Indri Rindani menyatakan hal itu saat membuka Padat Karya 2026 di Kelurahan Cigondewah Rahayu, Kecamatan Bandung Kulon, Kamis, 16 April 2026.
Kegiatan Libatkan 50 Peserta dan Hadirkan Camat-Disnaker Bandung
Kegiatan yang melibatkan 50 peserta itu turut menghadirkan Camat Bandung Kulon, Drs. Yogiarto Yoharim, M.M.; Lurah Cigondewah Rahayu, Iwan Rohendi, S.H.; serta perwakilan Dinas Ketenagakerjaan Kota Bandung.
Selanjutnya, Indri Rindani menuturkan bahwa Program Padat Karya merupakan langkah nyata hadirnya Pemerintah Kota Bandung secara langsung.
Pemerintah mendorong pemberdayaan masyarakat melalui program ini.
Khususnya, program ini menawarkan solusi untuk menekan angka pengangguran.
Padat Karya Tingkatkan Lingkungan dan Tumbuhkan Kepedulian Warga
Selain itu, Program Padat Karya juga berkontribusi pada peningkatan kualitas lingkungan.
Program ini menjalankan berbagai kegiatan pembangunan dan perbaikan infrastruktur skala kecil di tingkat kelurahan.
Sehingga program ini dapat menumbuhkan rasa kebersamaan dan kepedulian masyarakat terhadap kondisi di lingkungan sekitarnya.
“Melalui program ini, teh Indri menitikberatkan bahwa pelaksanaan menjaga kualitas kebersihan lingkungan tidak hanya ketika selama program ini berlangsung saja, tetapi harus terus berlanjut,” ujarnya.
Lebih lanjut, Indri Rindani juga mengapresiasi partisipasi aktif warga Kelurahan Cigondewah Rahayu yang terlibat dalam kegiatan tersebut.
Indri menilai kolaborasi antara pemerintah, DPRD, dan masyarakat sangat menentukan keberhasilan Program Padat Karya.
BACA JUGA: Indri Rindani Jelaskan Peran Komisi II DPRD dalam Membangun Kota Bandung
Indri: Atasi Sampah, Banjir, Macet Butuh Gerakan Bersama
Apalagi Kota Bandung saat ini menghadapi permasalahan yang luar biasa yaitu sampah, banjir, dan kemacetan.
Kota ini membutuhkan peran bersama untuk menyelesaikan semua masalah tersebut.
“Oleh karena itu, mari kita mulai bergerak bersama dari tingkat kewilayahan untuk Bandung bisa tumbuh lebih baik,” ucapnya.
Di sisi lain, Indri menegaskan komitmennya untuk terus mendorong program-program pemberdayaan.

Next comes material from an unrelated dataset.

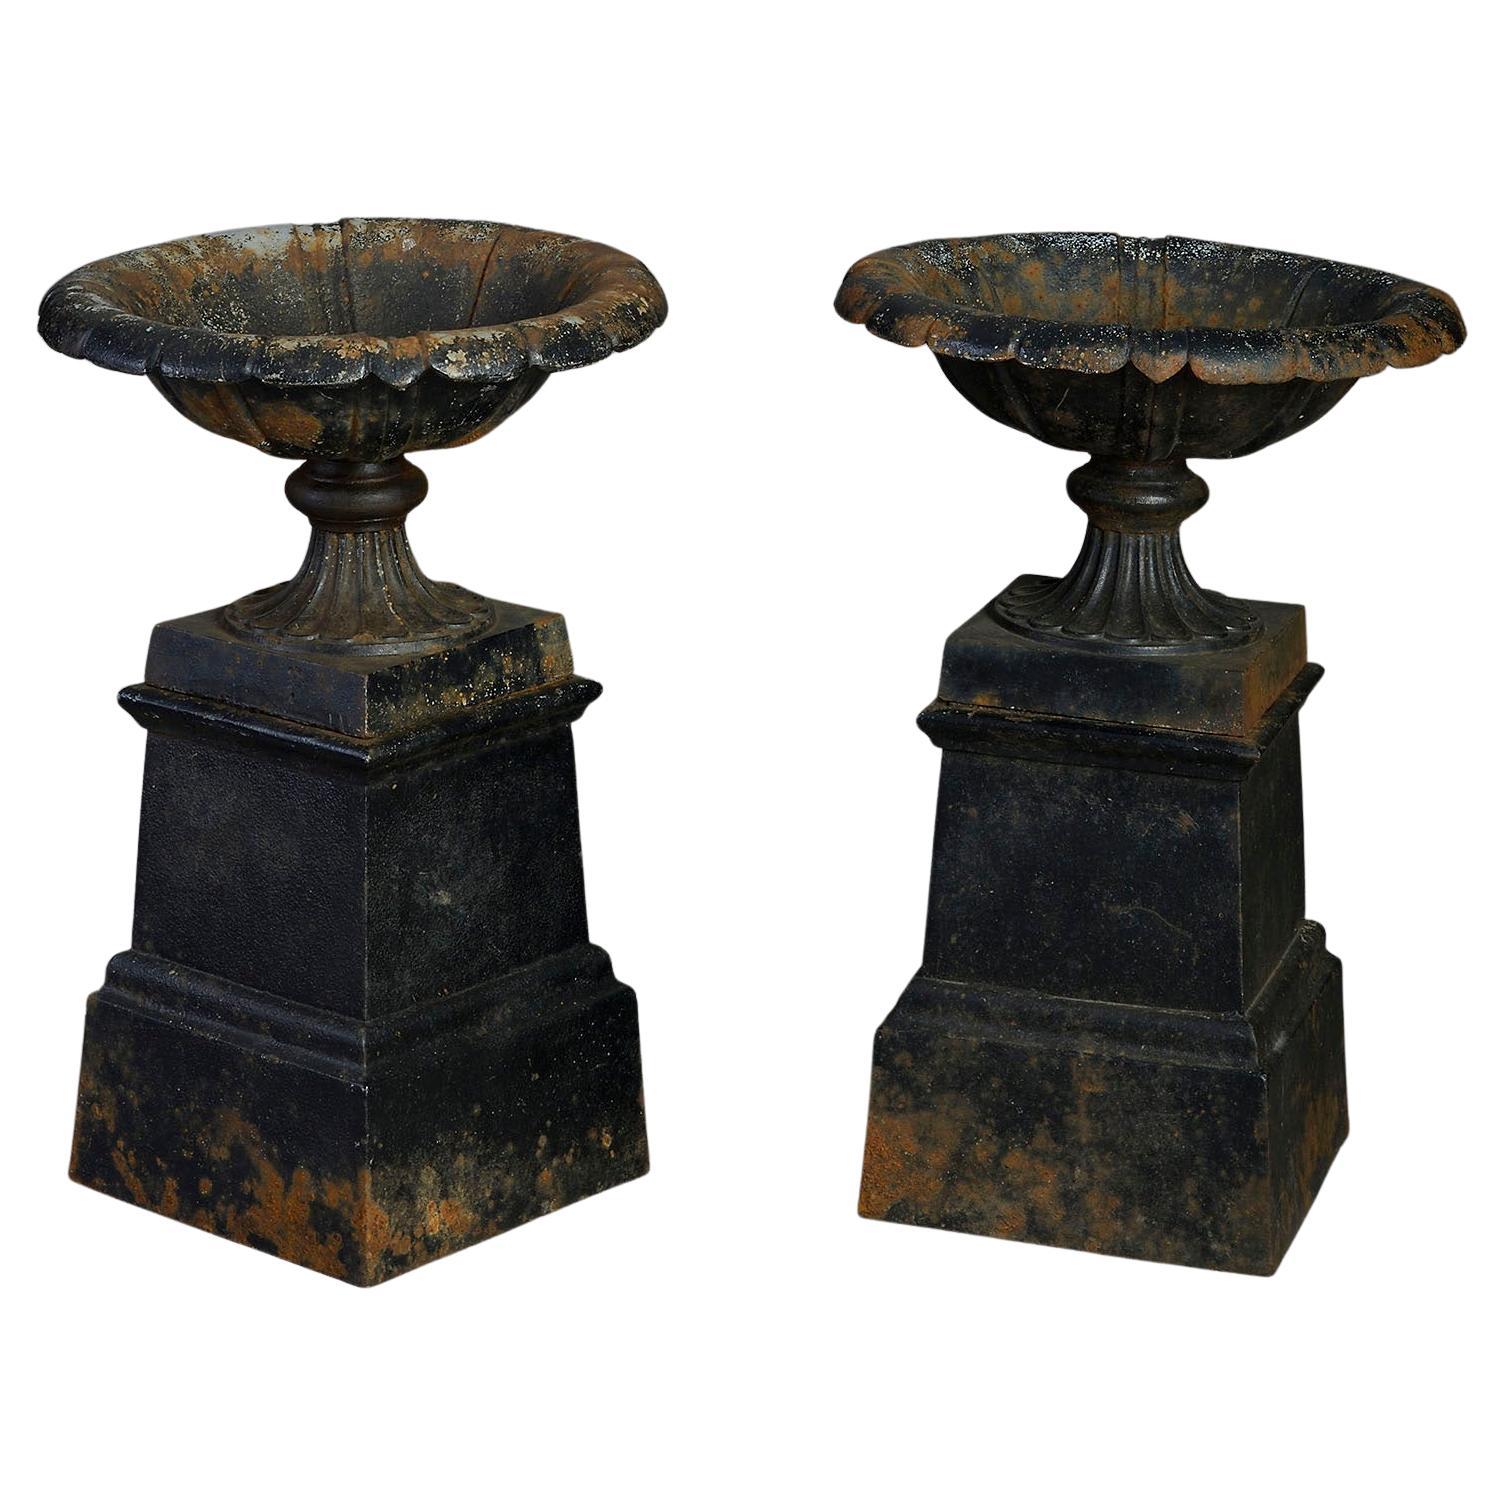 Pair of Mid-19th Century Cast Iron Tazze For Sale

Ia memastikan program tersebut bersentuhan langsung dengan kebutuhan masyarakat, salah satunya pertumbuhan ekonomi kerakyatan.
Sehingga ia berharap masyarakat tidak hanya menikmati lingkungan yang lebih bersih, tertata, dan nyaman untuk ditinggali.
Masyarakat juga dapat merasakan pertumbuhan ekonomi secara langsung.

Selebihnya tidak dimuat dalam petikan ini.